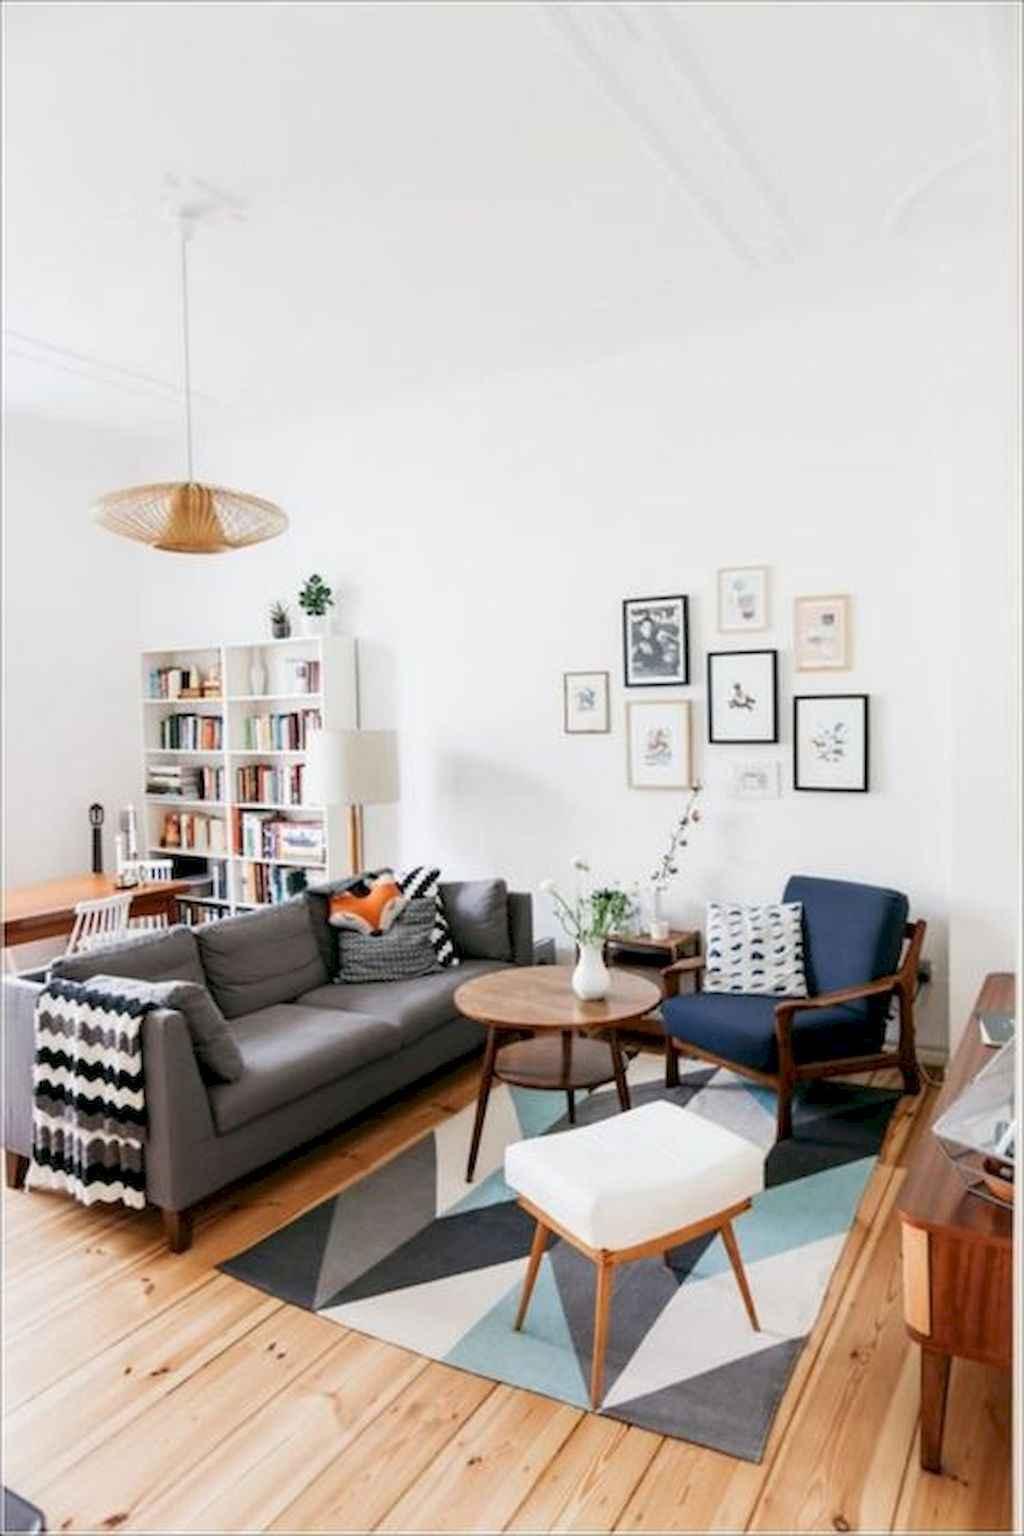 Small apartment decorating ideas (43)
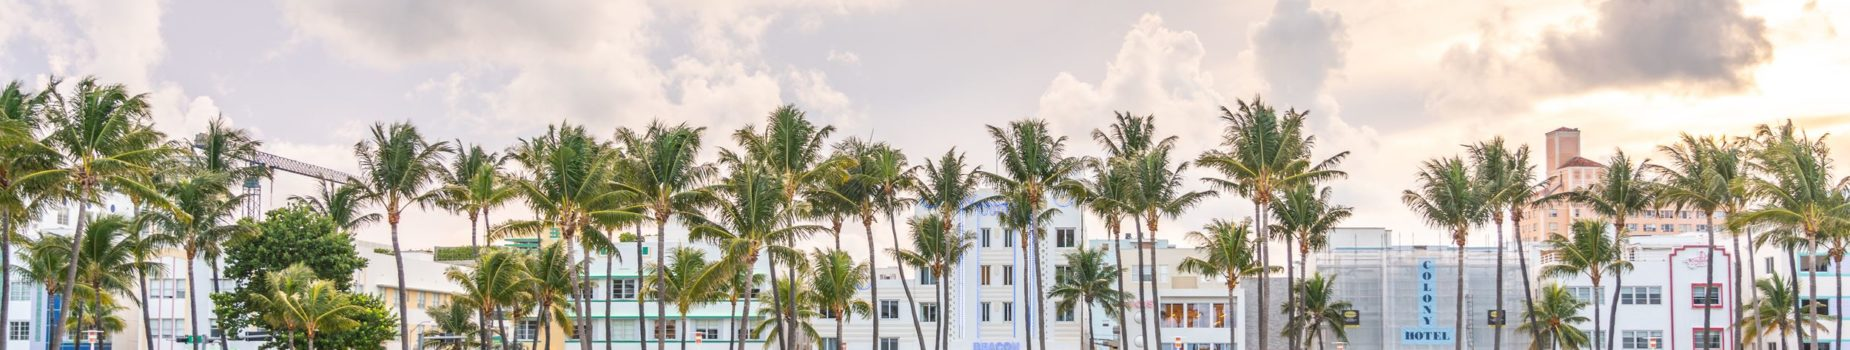 Fly Drive Miami
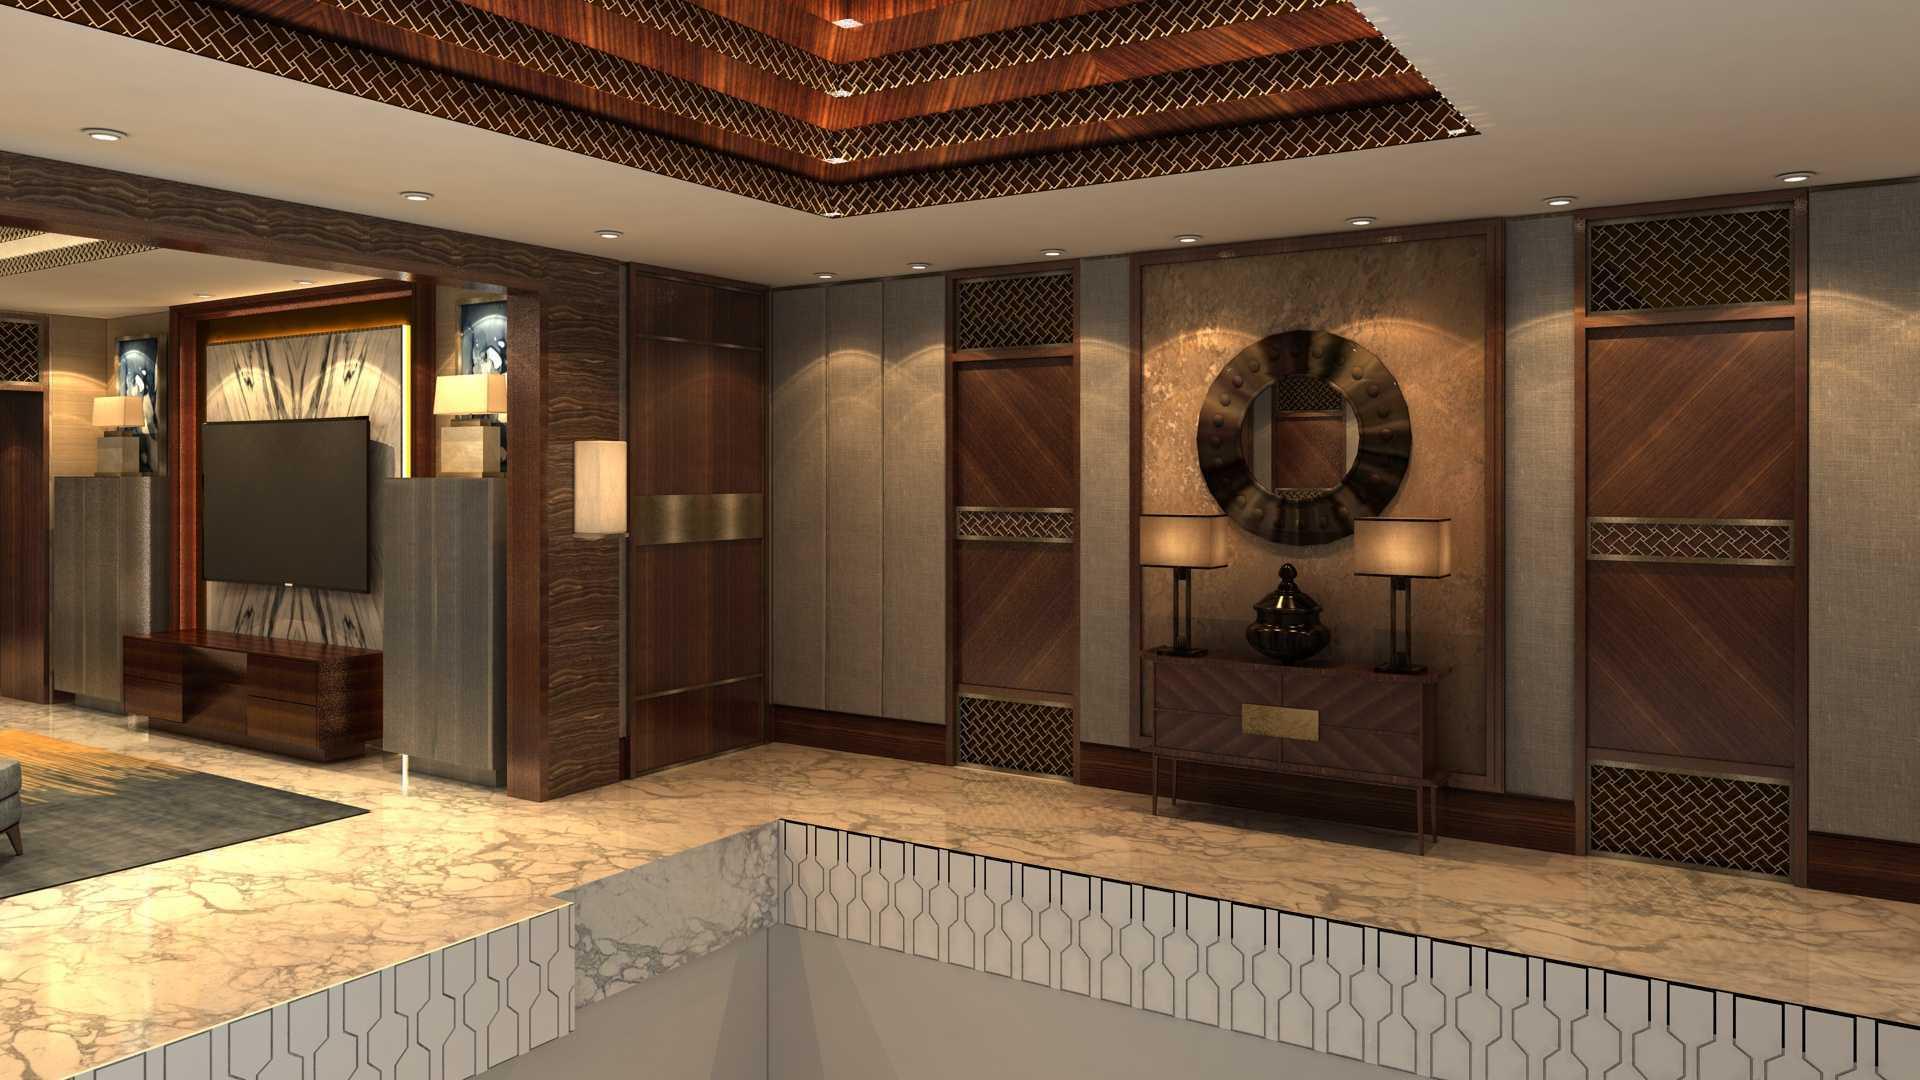 Vin•da•te Mayang Permai Residence Ii - Residential Project (Artist Impression - Construction In Progress) Pantai Indah Kapuk - North Jakarta Pantai Indah Kapuk - North Jakarta Lt Kontemporer  17220

Required work - Every line from the one with "Fly Drive Miami" through the last line of the material gets printed exactly, and nothing more. Omit the pictures.

Exercise result -
 Fly Drive Miami
 Vin•da•te Mayang Permai Residence Ii - Residential Project (Artist Impression - Construction In Progress) Pantai Indah Kapuk - North Jakarta Pantai Indah Kapuk - North Jakarta Lt Kontemporer  17220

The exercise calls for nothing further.